Schema Enforcer is a python library which is available on PyPi. It requires a python version of 3.8 or greater. Once a supported version of python is installed on your machine, pip can be used to install the tool by using the command python -m pip install schema-enforcer.

python -m pip install schema-enforcer

Overview

Schema Enforcer requires that two different elements be defined by the user:

Note: Data which needs to be validated against a schema definition can come in the form of Structured Data Files or Ansible host vars. Ansible is not installed by default when schema-enforcer is installed. In order to use Ansible features, ansible must already be available or must be declared as an optional dependency when schema-enforcer upon installation.
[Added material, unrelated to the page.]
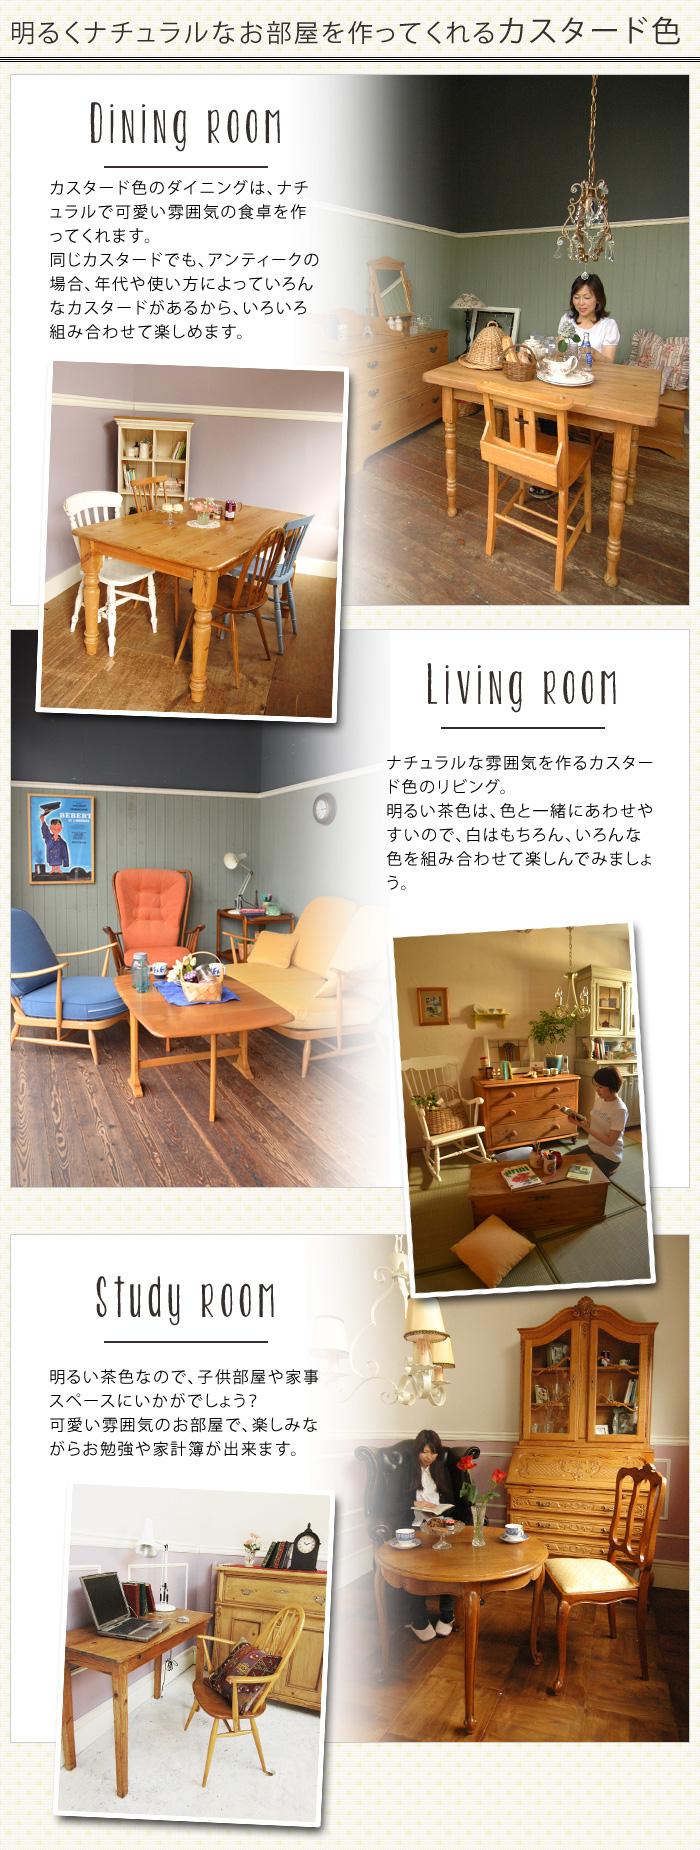 カスタード色の家具を使ったスタイリング

In the interest of brevity and simplicity, this README.md contains discussion only of Structured Data Files -- for more information on how to use schema-enforcer with ansible host vars, see the ansible_command README

When schema-enforcer runs, it assumes directory hierarchy which should be in place from the folder in which the tool is run.

bash$ cd examples/example1
bash$ tree
.
├── chi-beijing-rt1
│   ├── dns.yml
│   └── syslog.yml
├── eng-london-rt1
│   ├── dns.yml
│   └── ntp.yml
└── schema
    └── schemas
        ├── dns.yml
        ├── ntp.yml
        └── syslog.yml

4 directories, 7 files

In the above example, chi-beijing-rt1 is a directory with structured data files containing some configuration for a router named chi-beijing-rt1. There are two structured data files inside of this folder, dns.yml and syslog.yml. Similarly, the eng-london-rt1 directory contains definition files for a router named eng-london-rt1 -- dns.yml and ntp.yml.

The file chi-beijing-rt1/dns.yml defines the DNS servers chi-beijing.rt1 should use. The data in this file includes a simple hash-type data structure with a key of dns_servers and a value of an array. Each element in this array is a hash-type object with a key of address and a value which is the string of an IP address.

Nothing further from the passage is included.